For God, Queen and Country by Thomas Murphy. Canberra Youth Theatre, directed by Garry Fry. Gorman House Arts Centre June 19 - 28, 1997.
Excellent. Rad. Cool. It was exciting to see a new young playwright's work well presented in an intimate setting. The performing space was in-the-round: even in the back row I was close enough to feel almost in Hugh's bedroom.
Sean Smeaton played Hugh lightly, bemused by his life experience. His relationships with his mother (Suzanne Smith), the girl he was always with (Lucy Vincent), Nathan - the boy next door (Robert Hogarth), Brendan (Edward Cocks) who gets a back-hoe apprenticeship, and the apparition of his Religious Education teacher (played by Renee Bechara) were cleverly encased in his poems.
Hugh is awakened to an understanding of himself by his own poems. Tom Murphy displays, in this character, a quite remarkable insight and sense of irony for a writer only a little older than his creation. He has given the actors material which they could genuinely draw on - the first night suggests that they will fill in the colours more strongly as the season progresses. The script is structured very well, taking us through two-edged laughter and contrasting reflective silences, exploring a theme which is revealed to us only gradually as Hugh's self-awareness grows.

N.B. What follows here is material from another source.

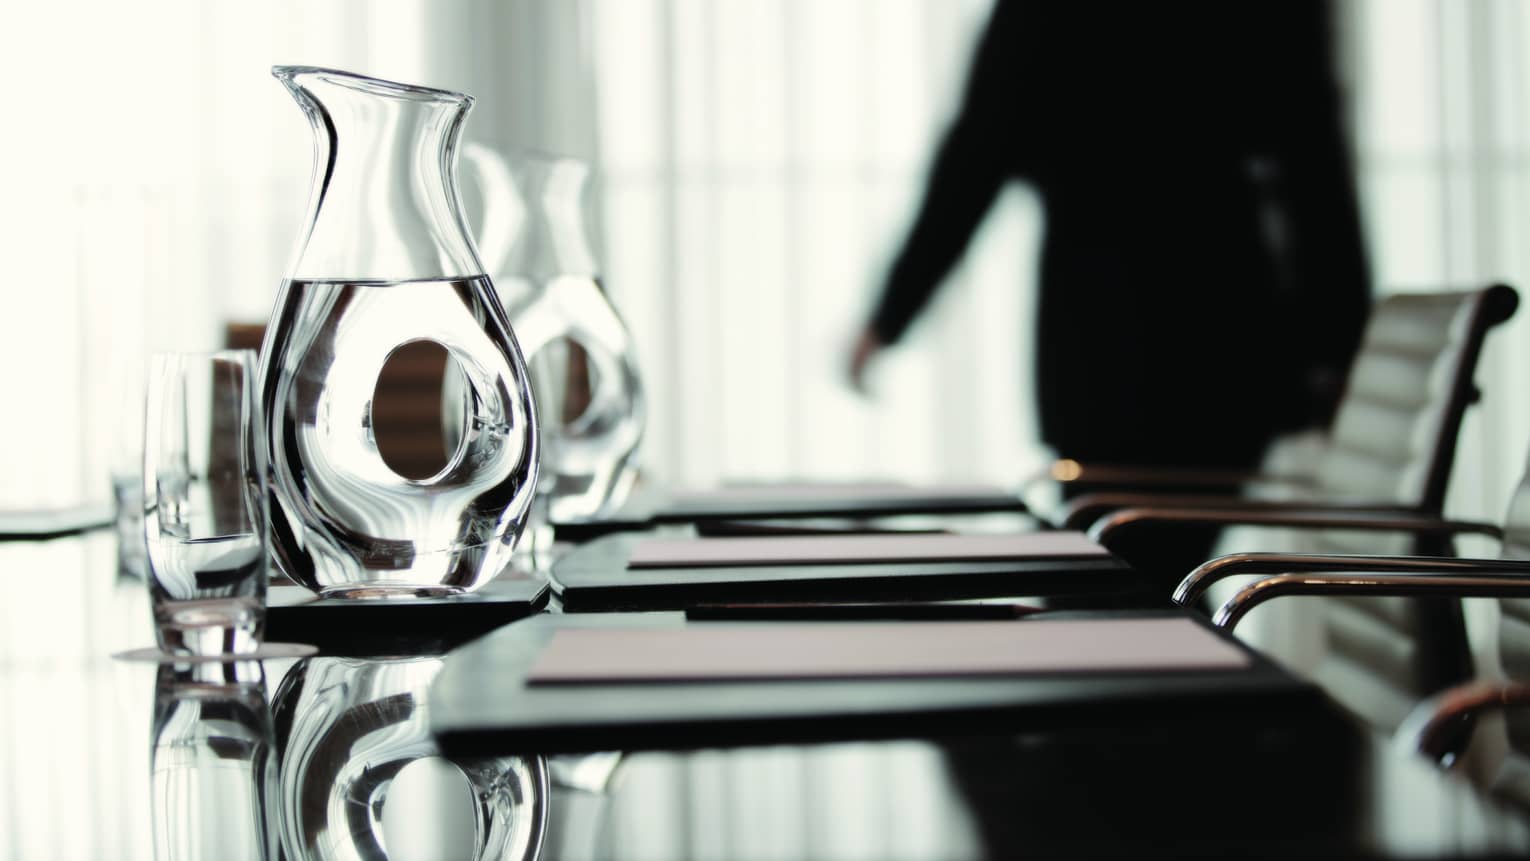 Person wearing business suit walks behind meeting table with agendas, glass water jugs

This is work which sits well with Youth Theatre. Everyone - audience, actors, writer and director - felt in tune. Murphy has been strongly supported by the Cultural Centre of his home town Queanbeyan, enabling him to be a delegate at last year's Australian National Playwrights' Conference. He learned there, from observing many plays in workshop, how to turn his original set of poems into theatre. CCQ backed him again for a reading with Intima Theatre, leading to the 1996 Young Playwrights' Weekend where the script was polished and prepared for this production.
There is youthful sincerity, a truth of vision and a professionalism in this work which puts Canberra Youth Theatre on the dramatic map, and bodes well for the future career of Thomas Murphy. It's cool; it's rad; and it's excellent.